Автор книги: Сергей Солоух
Жанр: Языкознание, Наука и Образование
Возрастные ограничения: +12
сообщить о неприемлемом содержимом
Текущая страница: 13 (всего у книги 63 страниц) [доступный отрывок для чтения: 20 страниц]
так как в его руках было сосредоточено такое количество протоколов и совершенно запутанных актов,
В оригинале: poněvadž měl tak hrozné množství restů a spletených akt, где restů – мн. число от деривата с немецкого Rest, то есть неоконченных дел, а вовсе не «протоколов», что, очевидным образом, немаловажно в данном контексте. Аудитор Бернис «имел на руках великое множество неоконченных дел и перепутанных бумаг». Этим же словом rest в оригинале характеризуется и море бумаг и не принятых к исполнению распоряжений, которыми был завален путимский вахмистр Фландерка. У ПГБ уже «хвостов». См. комм., ч. 2, гл. 2, с. 296.
С. 118– Servus! /Привет! (лат.)/ – сказал фельдкурат, подавая ему руку. – Как дела?
Сокращение от латинского Ego sum servus tuus – Ваш слуга. Здесь производит впечатление чего-то вынесенного фельдкуратом из духовной семинарии; между тем, как утверждают знатоки, совершенно обычное приветствие в Австро-Венгрии той поры. Чрезвычайно популярное также и в офицерской среде (ZA 1953).
У Гашека такое приветствие в первую очередь характерно для речи армейских пастырей. См. сцену пробуждения обер-фельдкурата Лацины (ч. 2, гл. 3, с. 378). Впрочем, возможно, и сам автор в реальной жизни был не прочь употребить немного латыни в виде приветствия, см. комм. к рассказу вольноопределяющегося Марека (ч. 2, гл. 2, с. 326). В любом случае, немного загордившийся после производства в ординарцы бравый солдат Швейк таким рафинированным образом начнет обращаться к коллеге-ординарцу. Как почти офицер к почти офицеру. См. комм., ч. 2, гл. 5, с. 458.
Зато у меня на примете есть одна девочка…
В оригинале забавное и весьма распространенное – Ale vím o jedné žábě. То есть «имею на примете одну миленькую лягушонку». А можно и совсем по-русски – «телочку». Не то чтобы тут смысл слишком уж страдал, но опять и опять все под одну простую гребенку.

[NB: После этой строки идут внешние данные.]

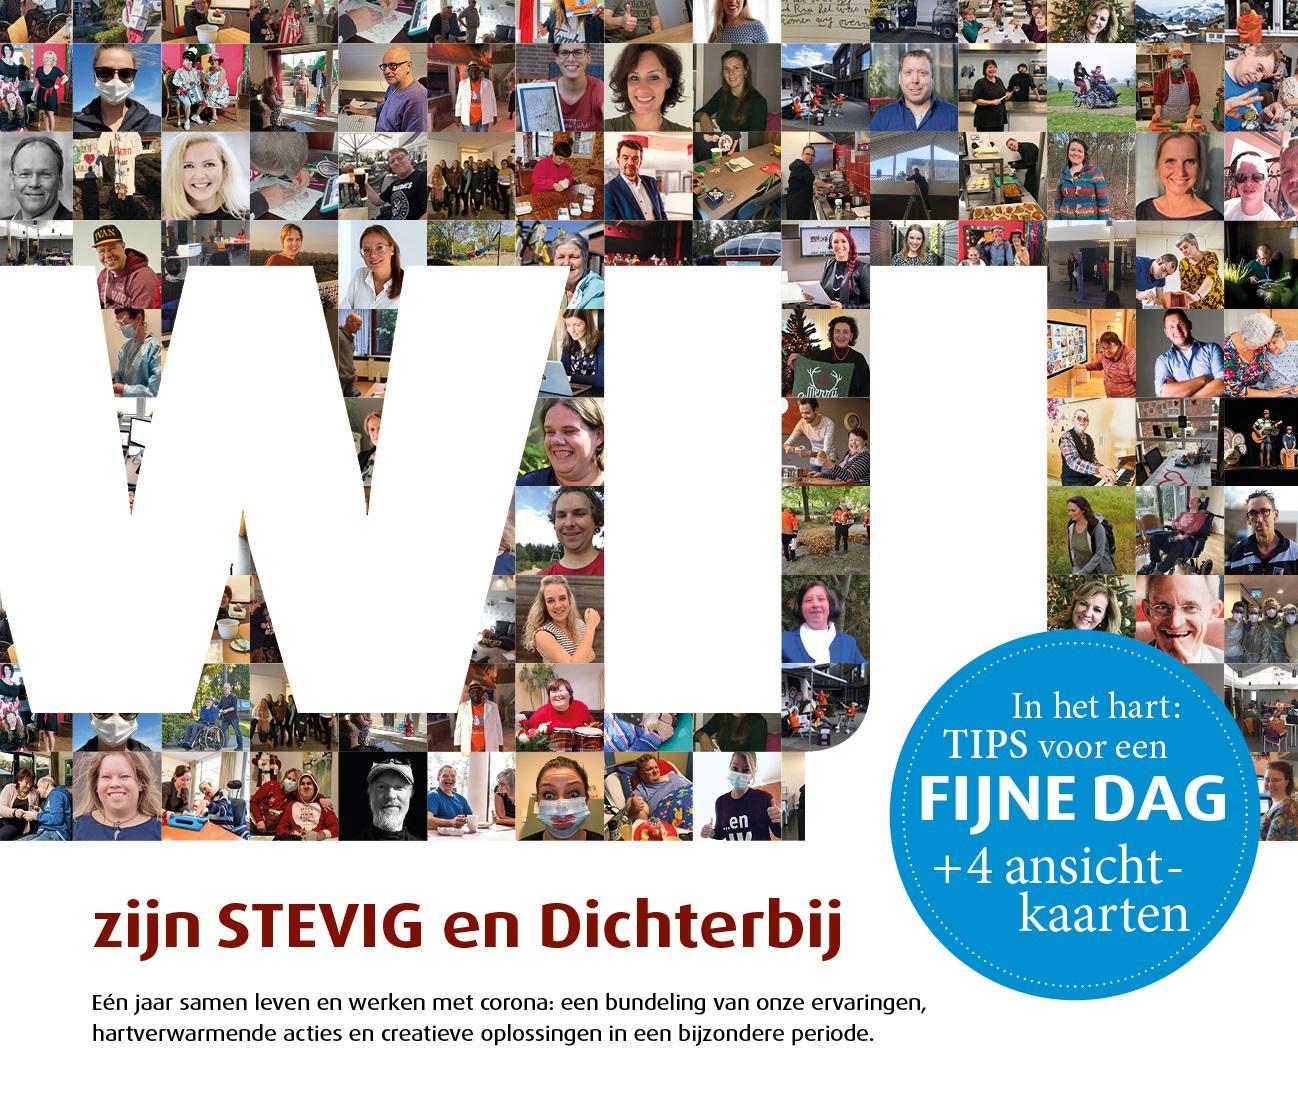 Bekijk WIJ magazine
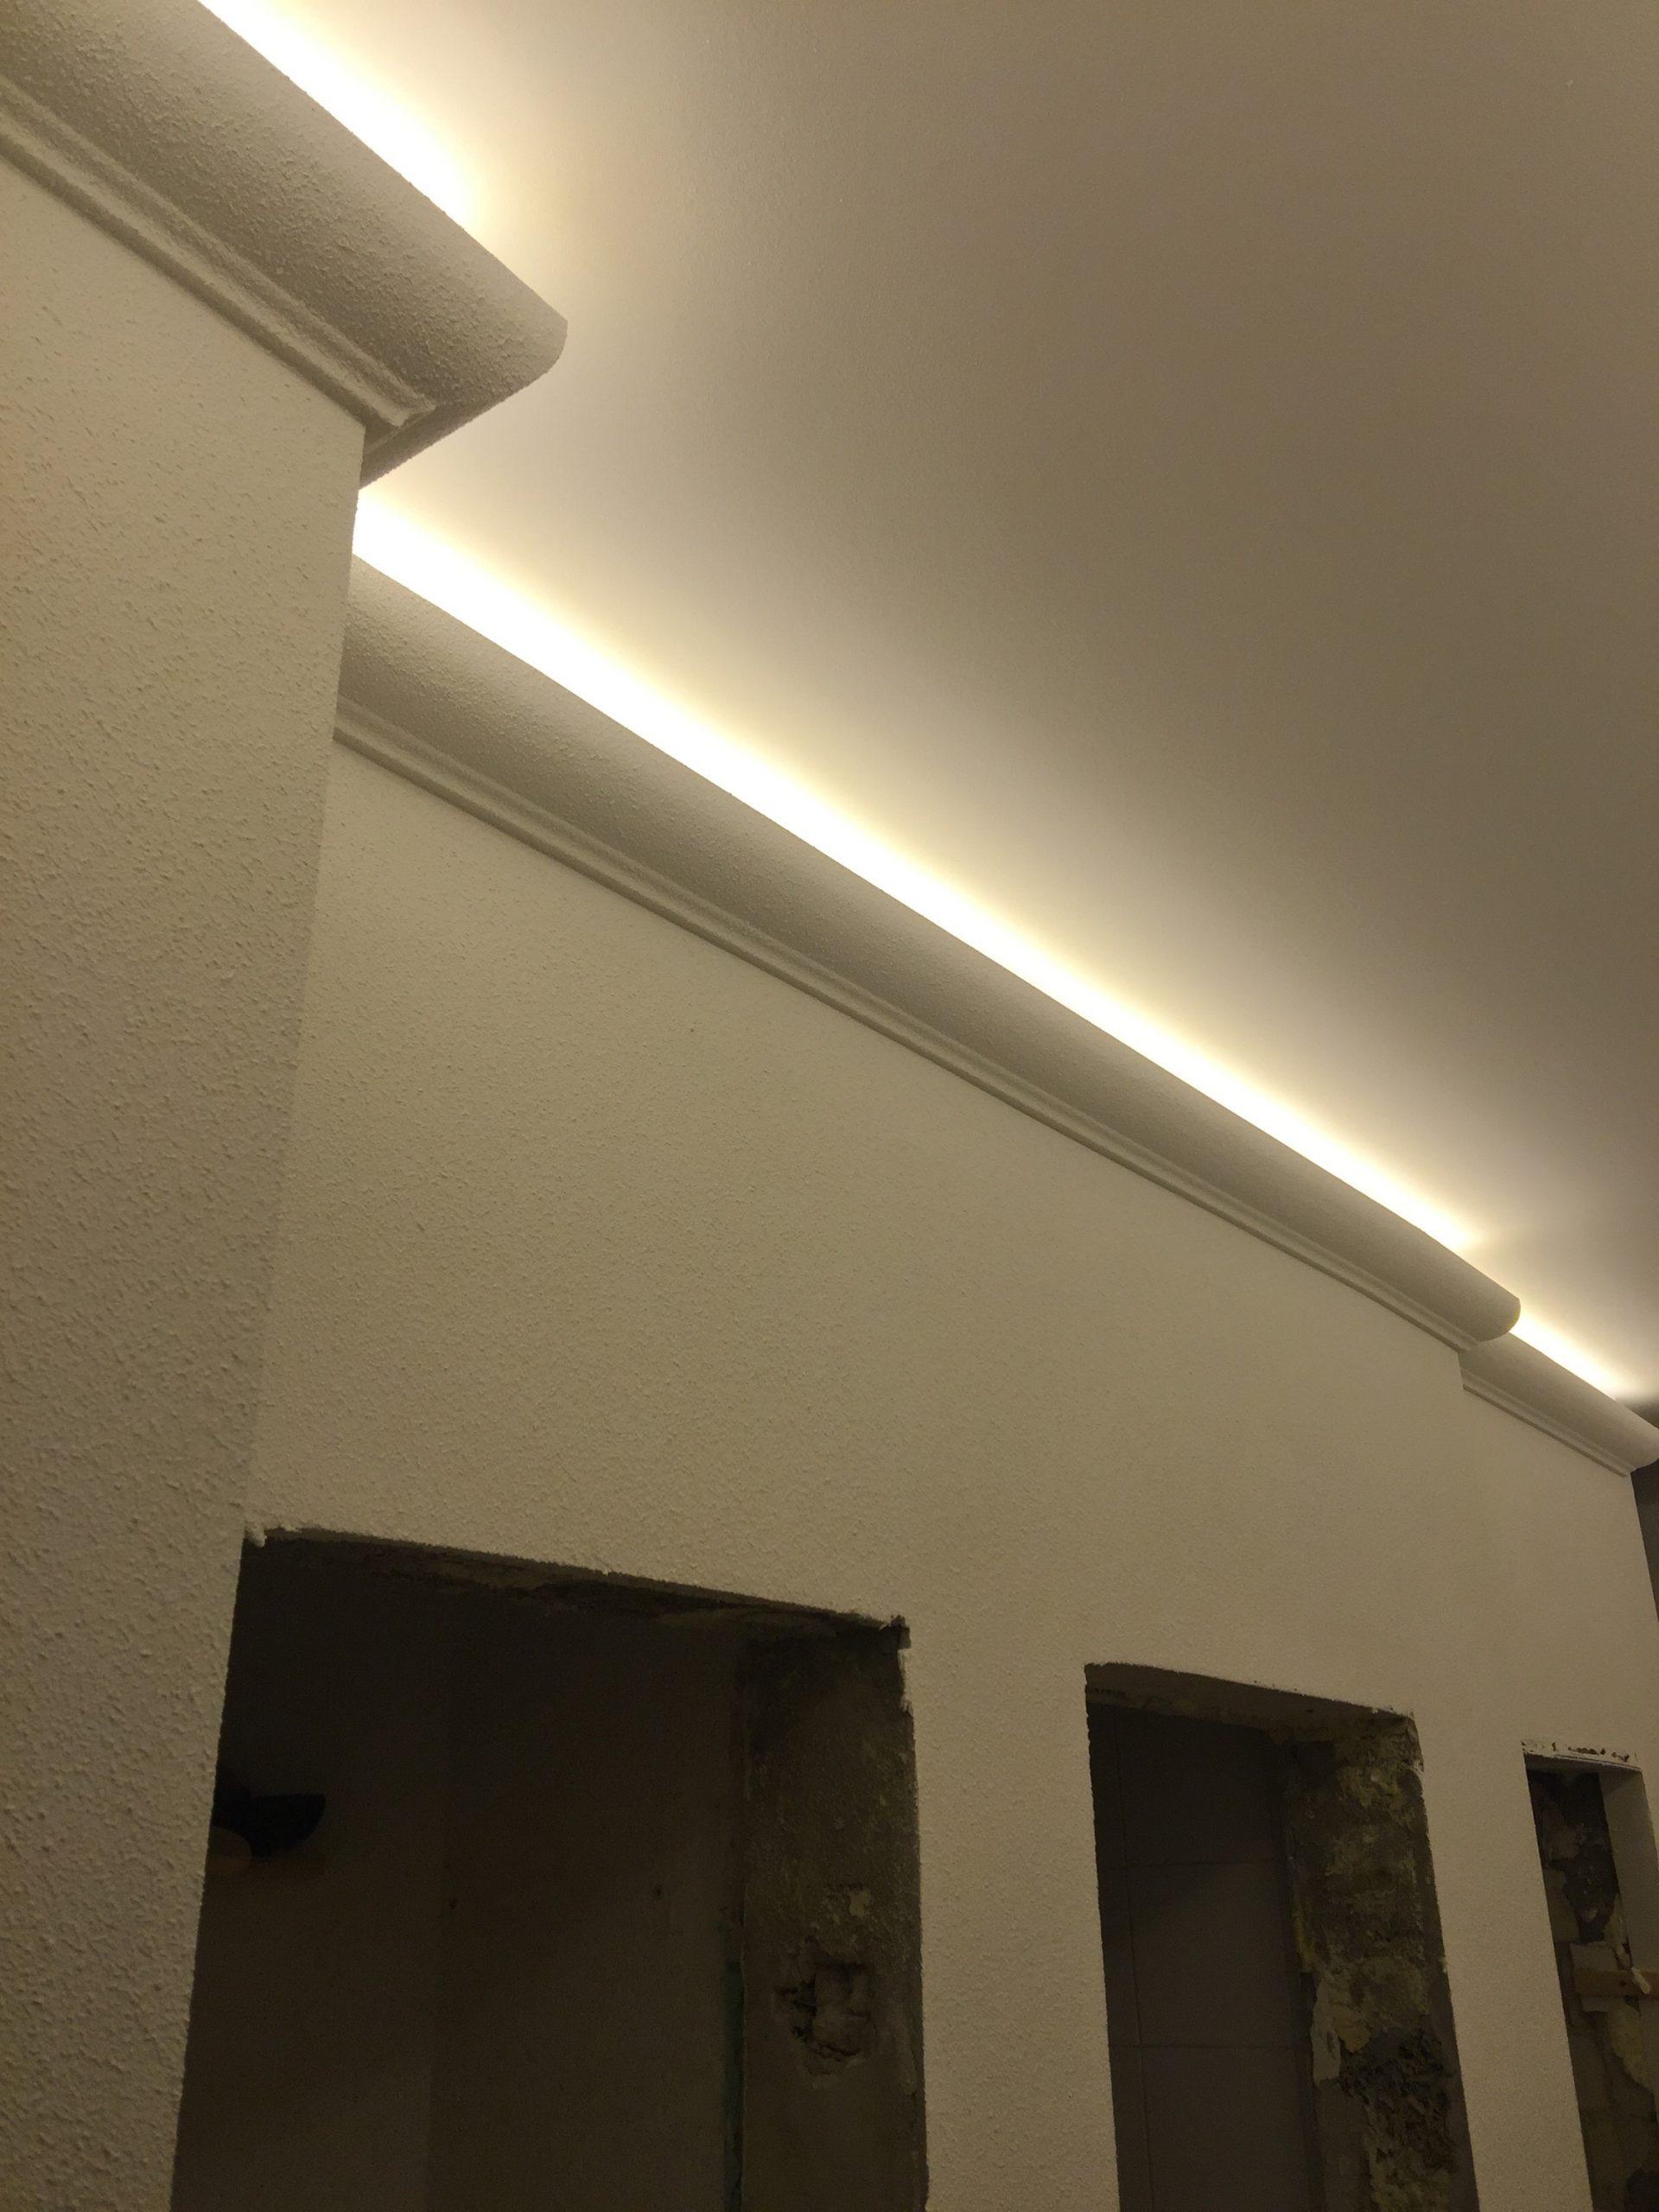 Full Size of Indirekte Beleuchtung Decke 2 Meter Led Profil Pu Stuckleiste Fr Badezimmer Deckenleuchte Im Bad Wohnzimmer Decken Spiegelschrank Mit Küche Deckenleuchten Wohnzimmer Indirekte Beleuchtung Decke

– А ты что поделываешь, святой отец?
– Мне нужен денщик, – сказал фельдкурат.
Сюжетный ход с попаданьем из гарнизонной тюрьмы в денщики полкового священника уже использовался Гашеком в рассказе 1911 года «Бравый солдат Швейк достает церковное вино» («Dobrý voják Švejk opatřuje mešní víno»). В рассказе, правда, военный священник подхватил Швейка не прямо с полковой губы, а сразу на выходе из нее, но зато имя этому опоздавшему попику Гашек дал много цветистее и развесистее кацевского – Августин Клейншродт (Augustin Kleinschrodt).
Но, что радует уже совершенной созвучностью, так это разговор фельдкурата Клейншродта с унтером в канцелярии:
С. 120V kanceláři po dlouhém omlouvání vyjádřil se poddůstojník k vojenskému knězi, že dobrý voják Švejk «ist ein Mistvieh», ale důstojný Kleinschrodt ho přerušil: «Ein Mistvieh kann doch gutes Herz haben», k čemuž dobrý voják Švejk pokorně kýval hlavou.
В канцелярии после долгих оправданий Швейка унтер-офицер сообщил воинскому священнику, что бравый солдат «ist ein Mistvieh/Скотина», но чинный Кленшродт оборвал его словами: «Ein Mistvieh kann doch gutes Herz haben/Но и у скотины может сердце оставаться добрым», на что бравый солдат Швейк реагировал, покорно кивая головой.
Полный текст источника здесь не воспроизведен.